Ecological succession
Any biocenosis depends on its biotope, and, accordingly, the biotope is influenced by the biocenosis.
Since climatic, geological and biotic factors are subject to change, the community inevitably changes.
With a change in conditions, the biocenosis changes, that is, the previous one is destroyed and the next one arises in the same place. The emergence of a new biocenosis, its gradual formation, and then the development of an already established community until it is replaced by a new one is the process of development of any community, which is called succession (from the Latin “succession” – succession, change).
The successive change of one biocenosis to another is called ecological succession.
A separate stage of succession is an ecosystem with a certain set of species of living organisms (serial community).
The stages follow one after one until a stable equilibrium state (climax) is reached.
Climax is the final stage in the development of biocenosis, when a community comes into equilibrium with the environment, and its energy production approaches energy consumption.
The climax biocenosis remains unchanged for a long time (in several human lives).
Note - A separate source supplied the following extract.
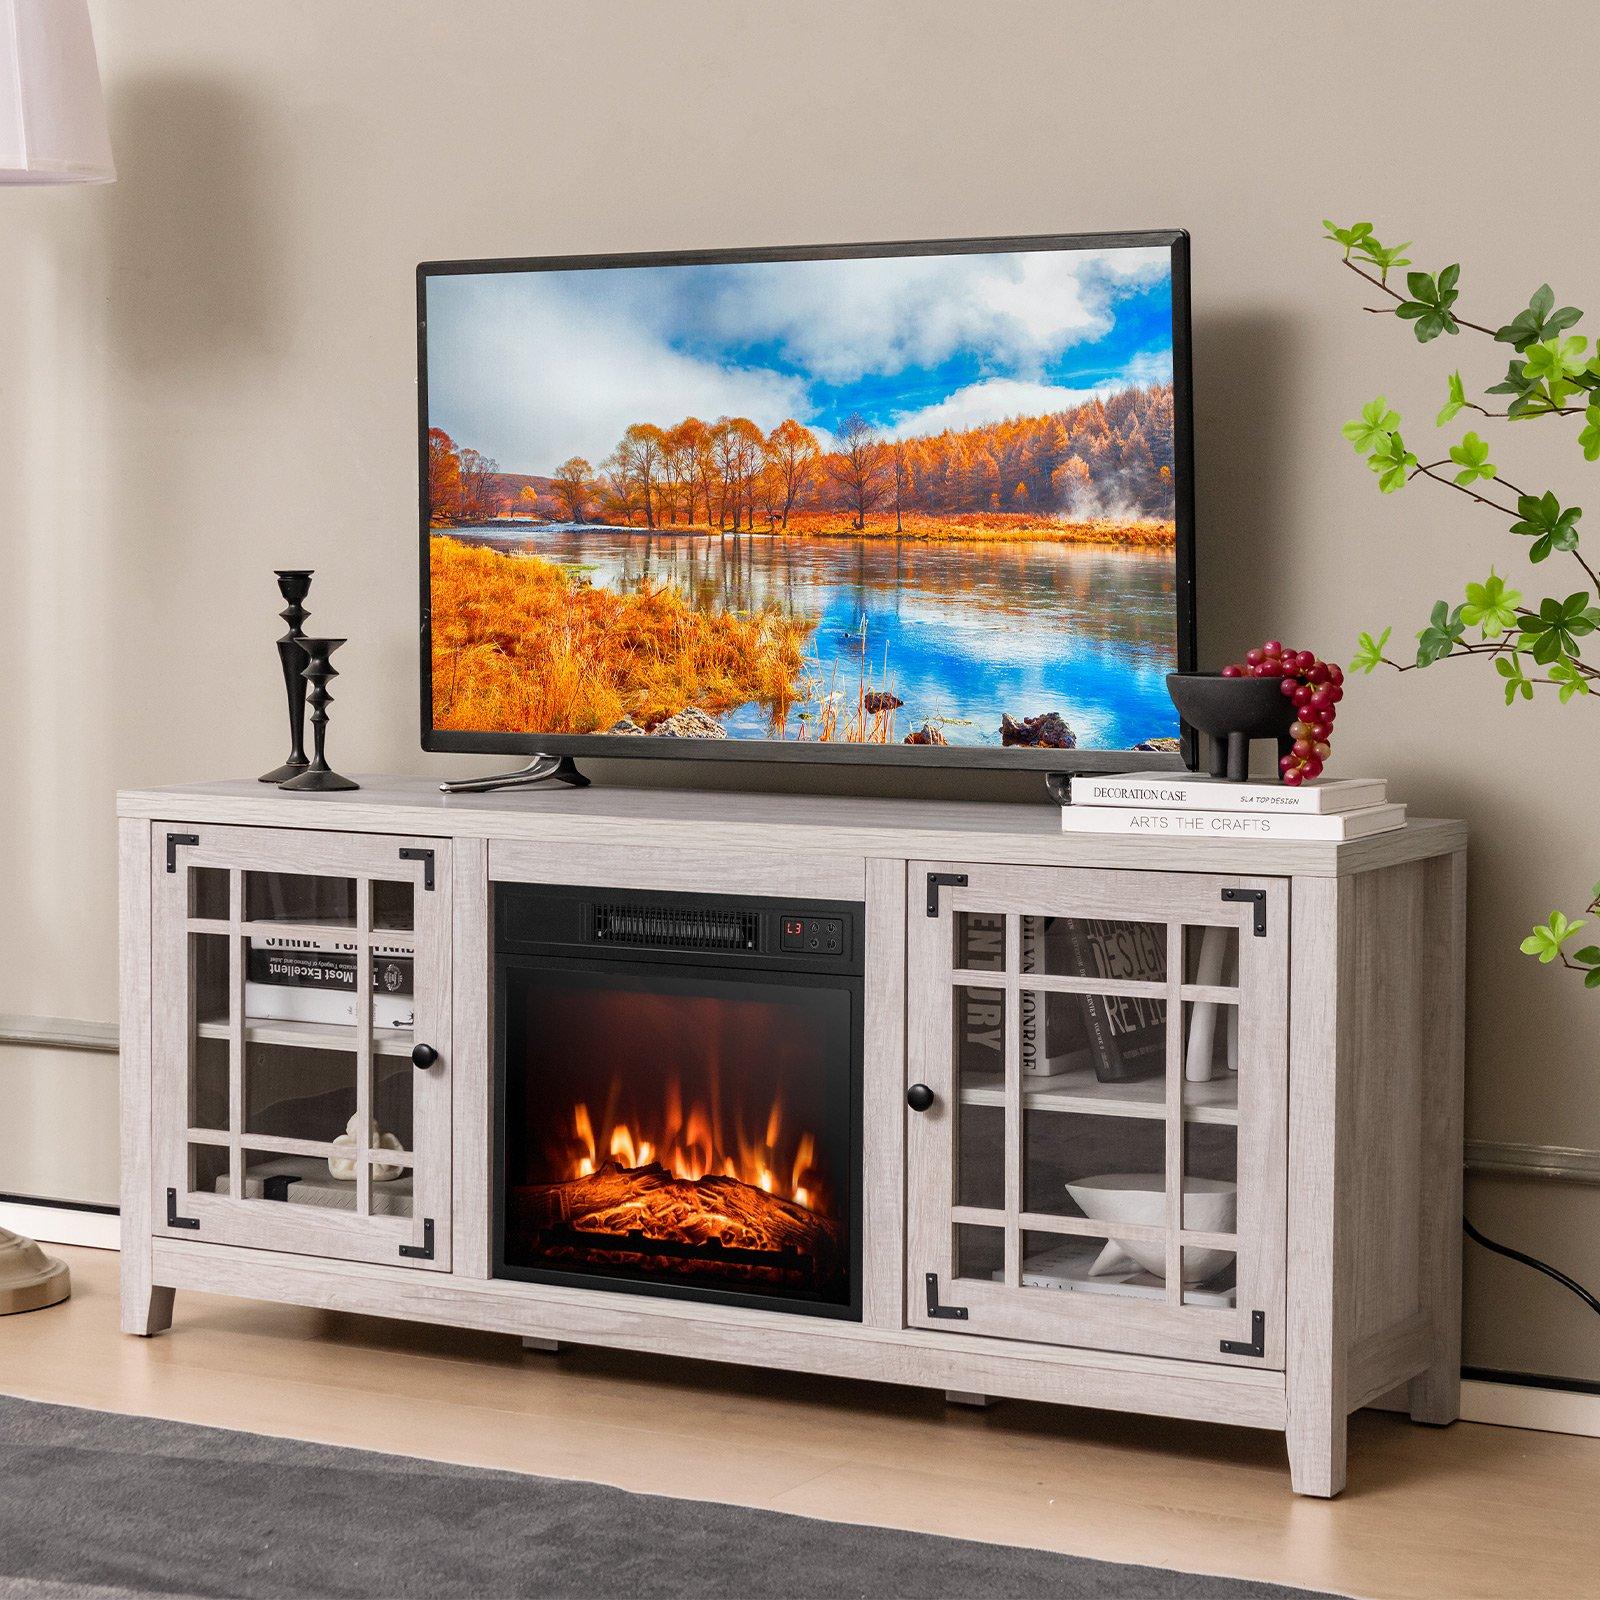 Fireplace TV Stand for TVs up to 65 Inches W/ 2000W Electric Fireplace Insert

The succession phases change in accordance with certain rules. Each phase prepares the environment for the emergence of the next.
The law of the sequence of the development phases: the development phases of a natural system can only follow in an evolutionarily fixed (historically, ecologically conditioned) order, usually from a relatively simple to a complex one, as a rule, without the loss of intermediate stages, but, possibly, with their very rapid passage or evolutionary fixed absence.
The variety of species forms the direction of succession, ensures the filling of real space with life. An insufficient number of species that make up the complex could not form a succession series, and gradually, with the destruction of climax ecosystems, there would be a complete desertification of the planet.